The material below holds the lines to copy: from the one with "Toaru Chisana Mura" up to and including the one with "Накладки на бампер". Copy them exactly and skip the pictures.

→ DATASET RECORDS:
BEGIN

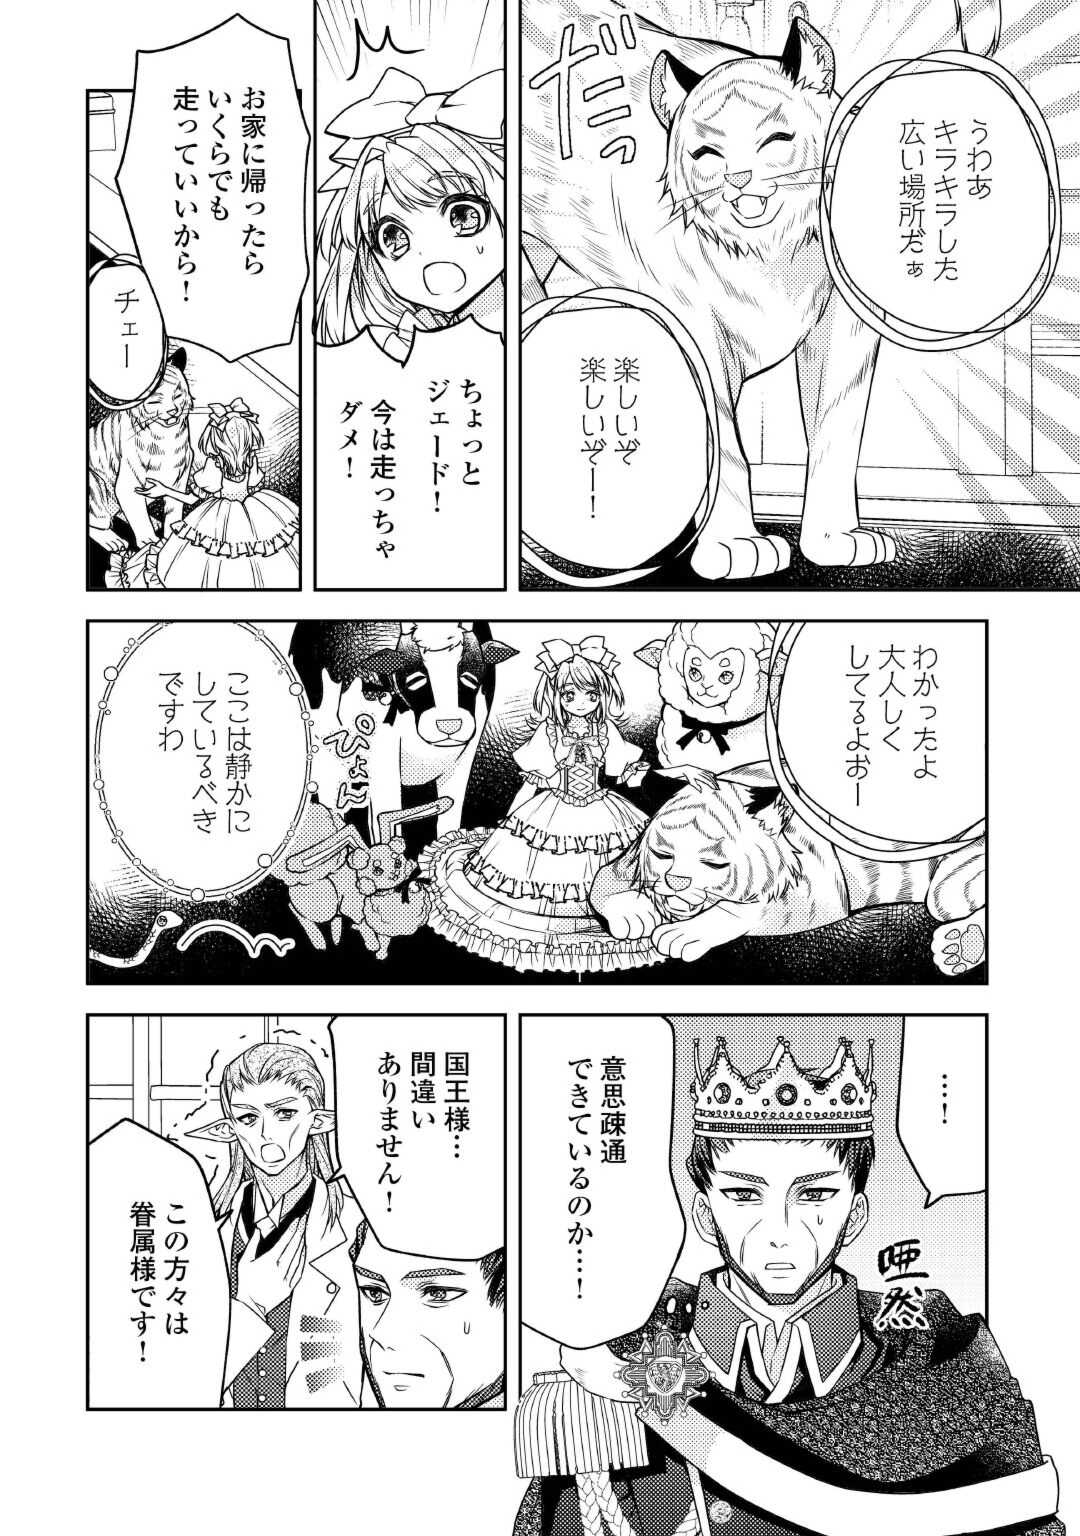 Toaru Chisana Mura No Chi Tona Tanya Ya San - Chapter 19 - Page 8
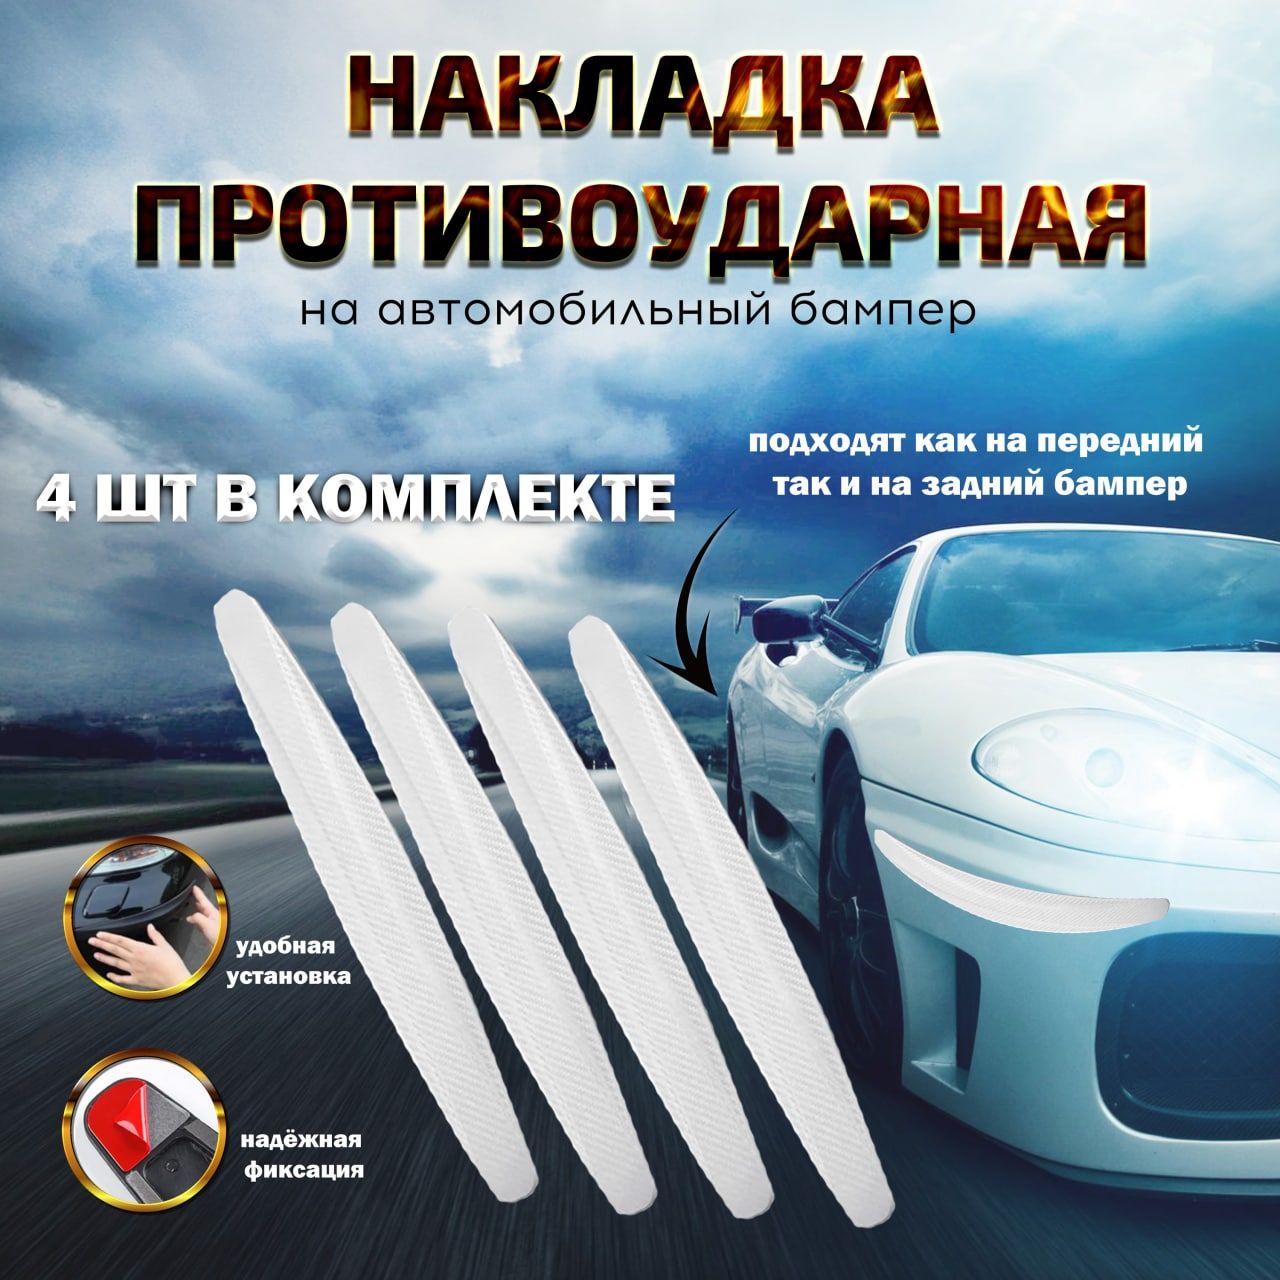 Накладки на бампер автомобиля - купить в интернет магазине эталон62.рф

END
BEGIN

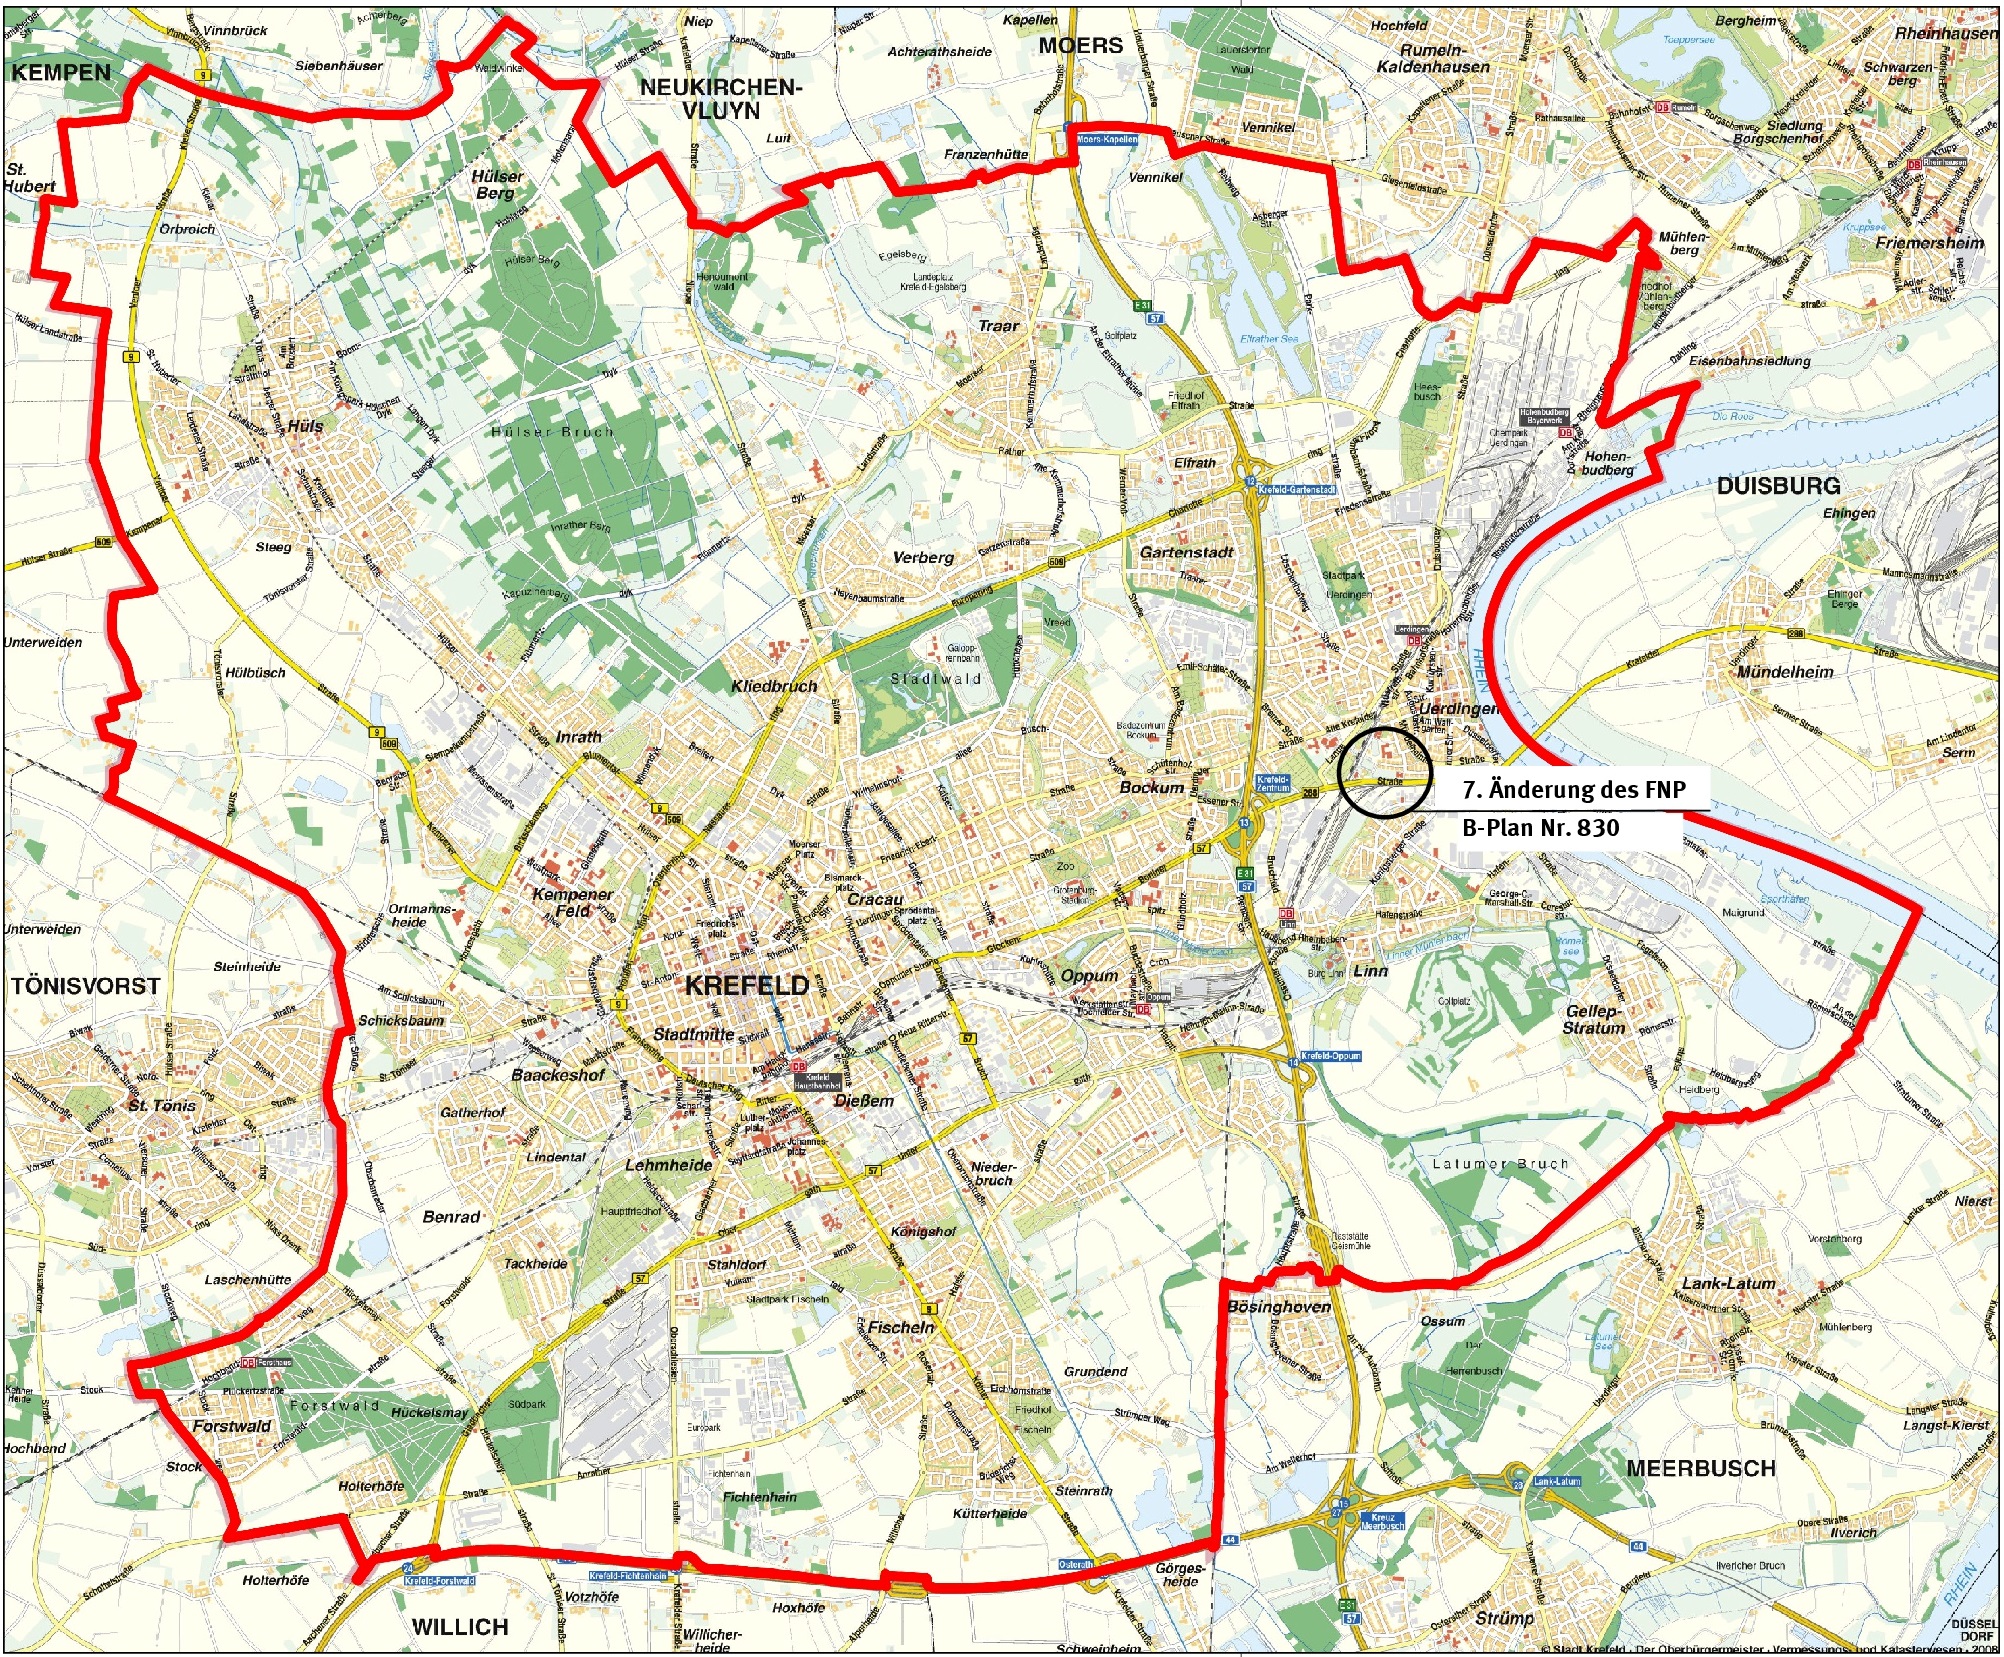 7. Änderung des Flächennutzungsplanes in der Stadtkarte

END

→ EXPECTED OUTPUT:
 Toaru Chisana Mura No Chi Tona Tanya Ya San - Chapter 19 - Page 8
 Накладки на бампер автомобиля - купить в интернет магазине эталон62.рф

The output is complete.